┌─ DATASET CONTENT

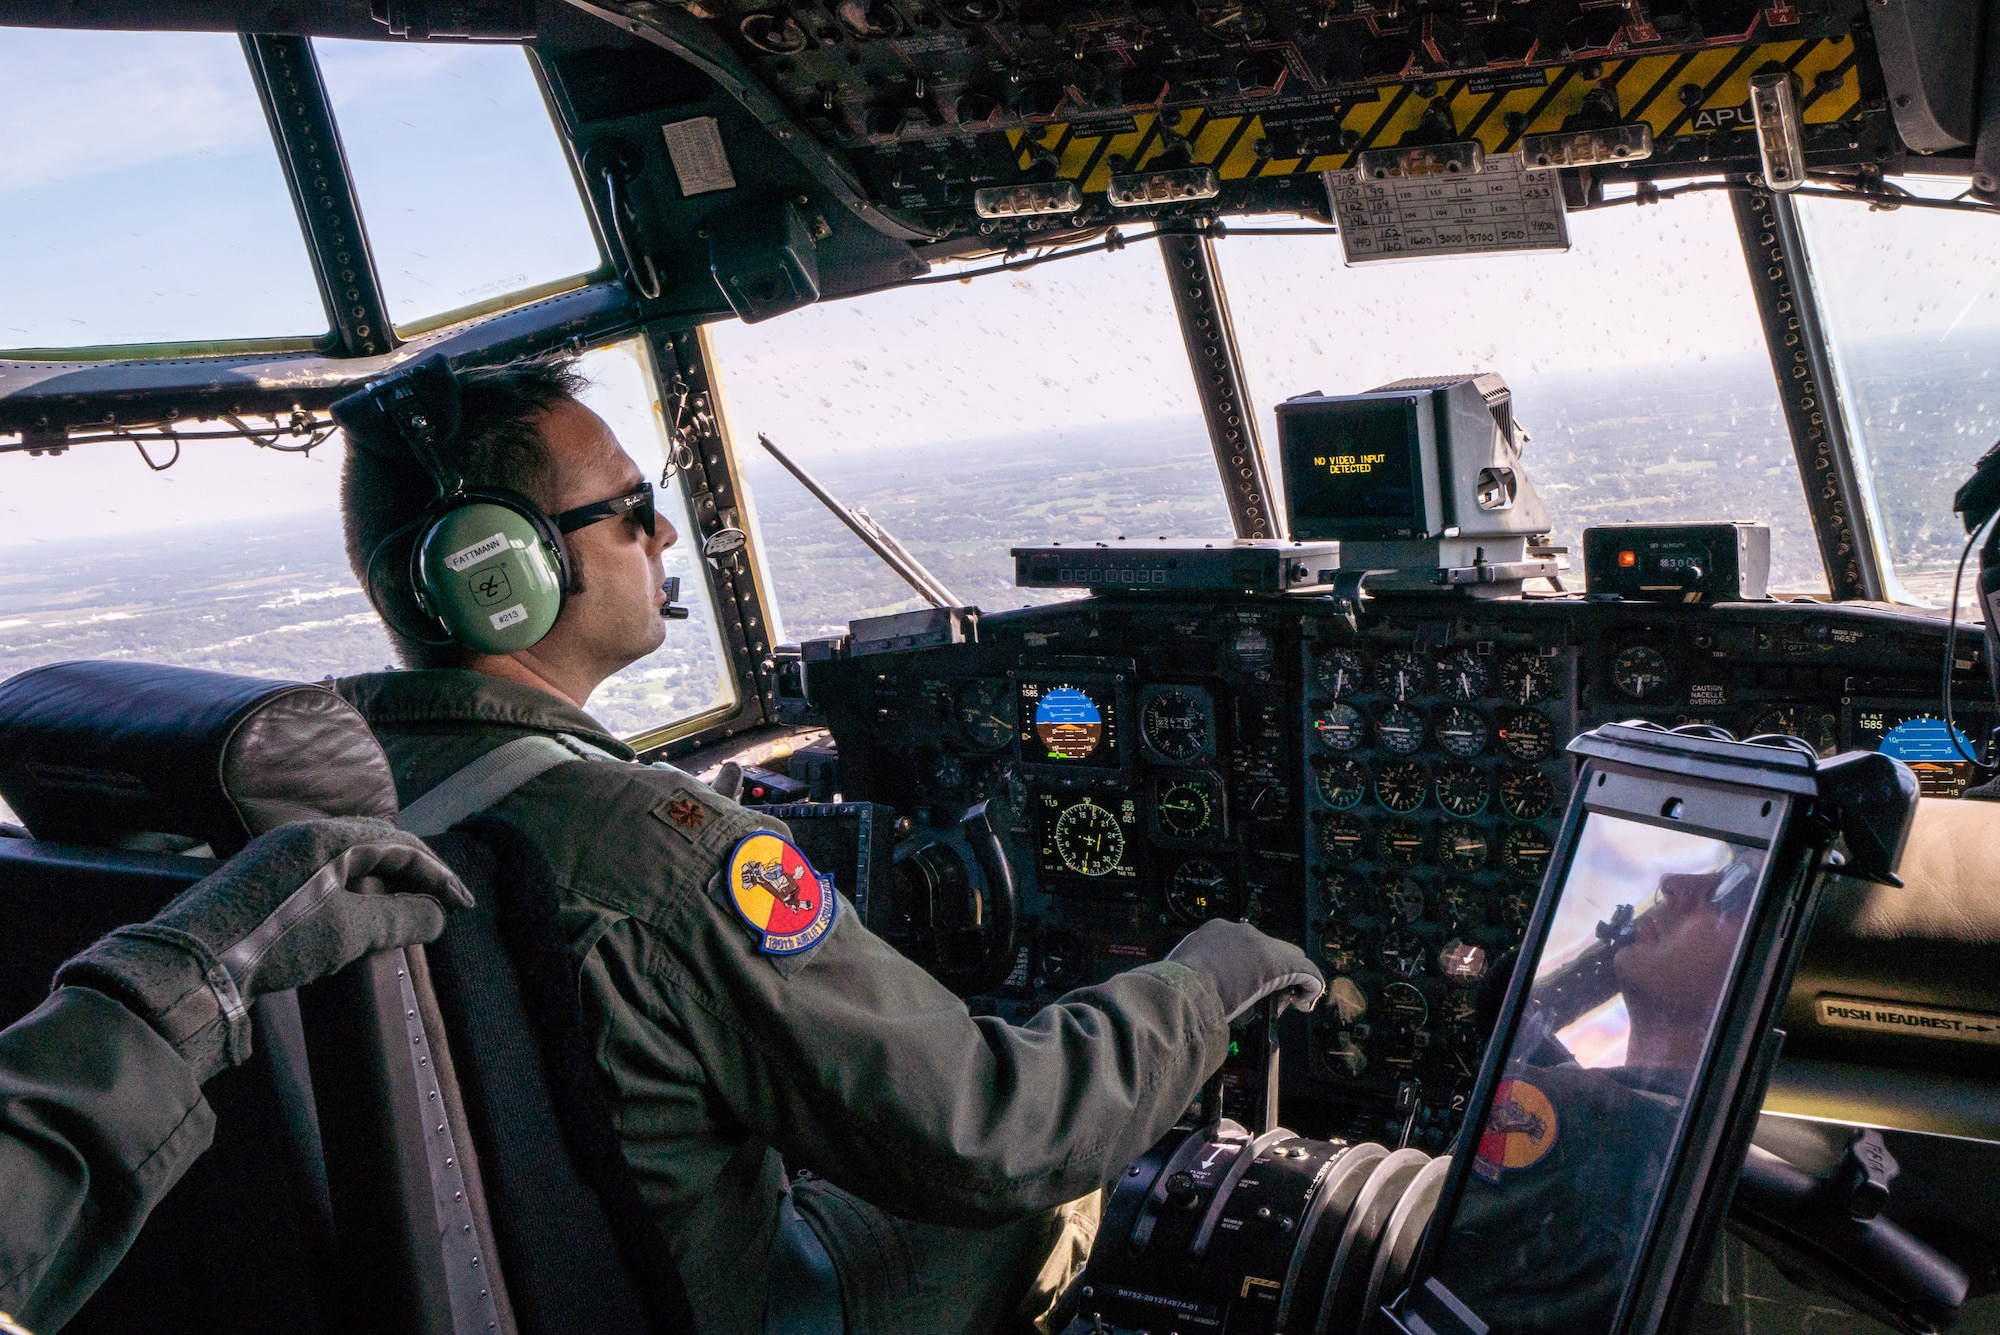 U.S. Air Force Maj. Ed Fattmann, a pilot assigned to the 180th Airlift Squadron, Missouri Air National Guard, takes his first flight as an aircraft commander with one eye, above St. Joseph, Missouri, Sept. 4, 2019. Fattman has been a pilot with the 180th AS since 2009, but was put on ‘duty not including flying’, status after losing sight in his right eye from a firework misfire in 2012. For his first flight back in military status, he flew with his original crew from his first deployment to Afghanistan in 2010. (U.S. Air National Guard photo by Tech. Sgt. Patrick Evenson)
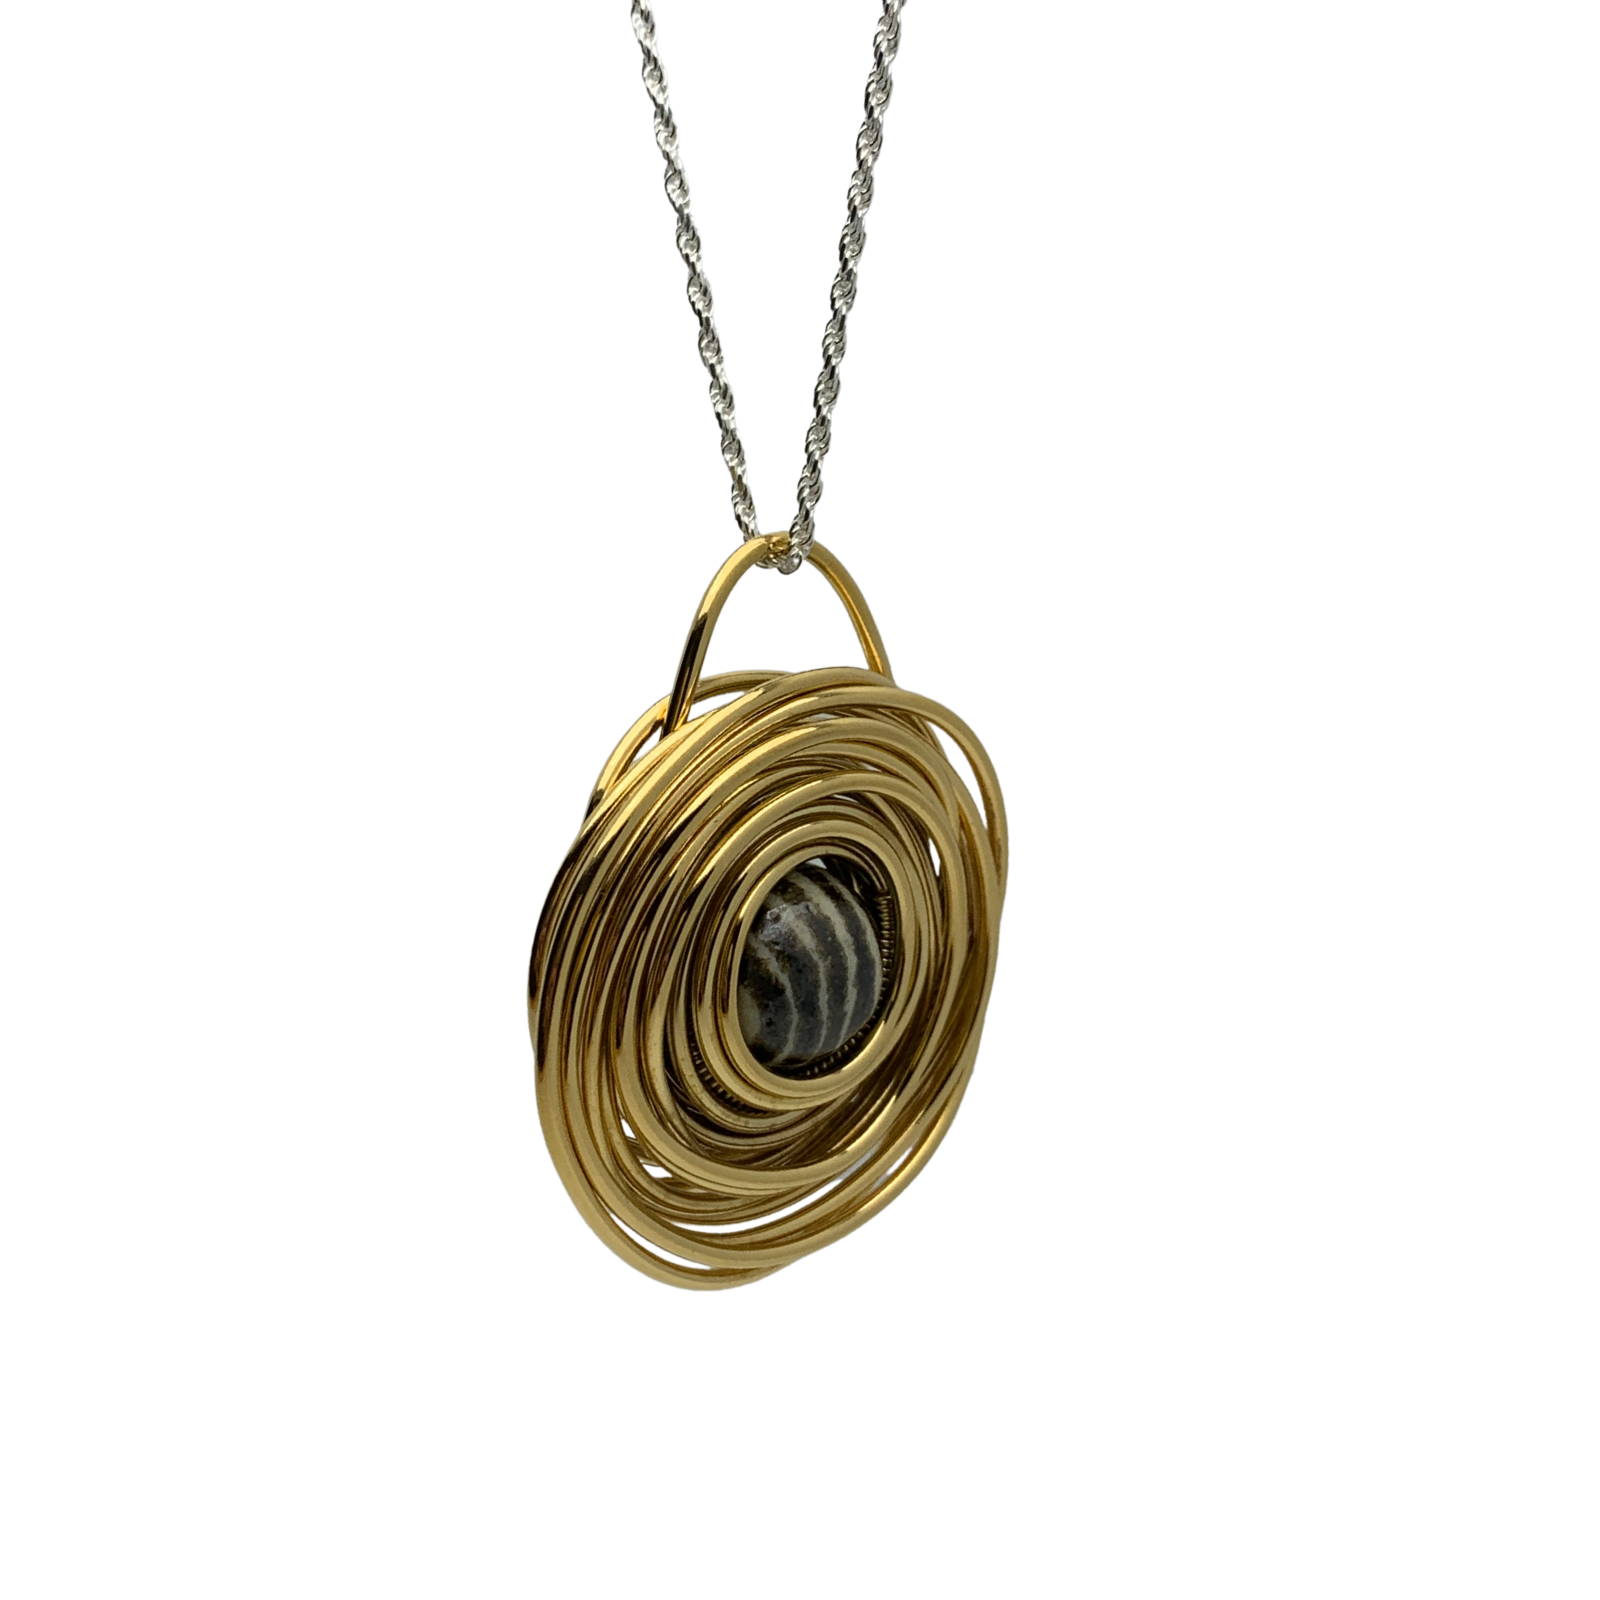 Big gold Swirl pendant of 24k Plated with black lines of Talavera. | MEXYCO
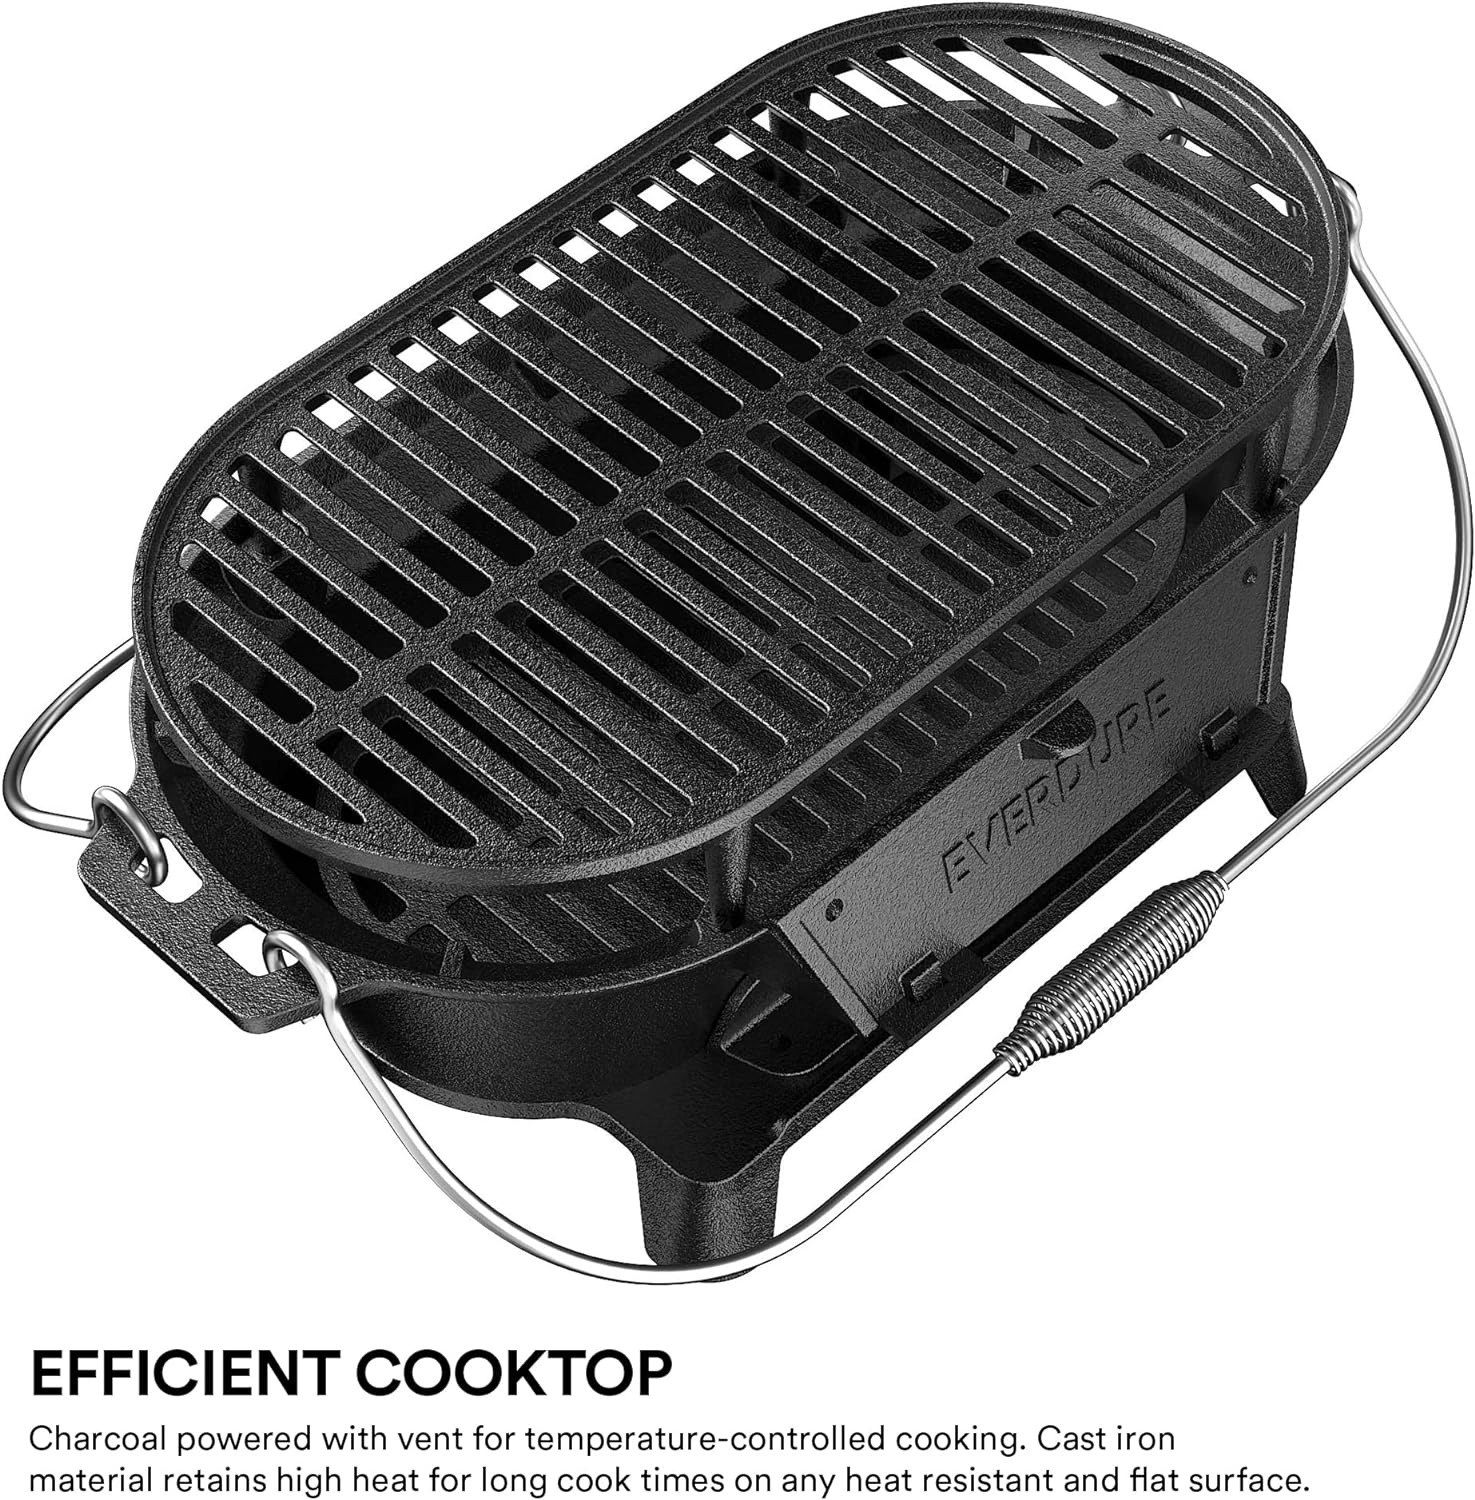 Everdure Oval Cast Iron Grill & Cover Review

└─

Would you return the data above exactly as written, minus the images?

FINISHED TASK:
 U.S. Air Force Maj. Ed Fattmann, a pilot assigned to the 180th Airlift Squadron, Missouri Air National Guard, takes his first flight as an aircraft commander with one eye, above St. Joseph, Missouri, Sept. 4, 2019. Fattman has been a pilot with the 180th AS since 2009, but was put on ‘duty not including flying’, status after losing sight in his right eye from a firework misfire in 2012. For his first flight back in military status, he flew with his original crew from his first deployment to Afghanistan in 2010. (U.S. Air National Guard photo by Tech. Sgt. Patrick Evenson)
 Big gold Swirl pendant of 24k Plated with black lines of Talavera. | MEXYCO
 Everdure Oval Cast Iron Grill & Cover Review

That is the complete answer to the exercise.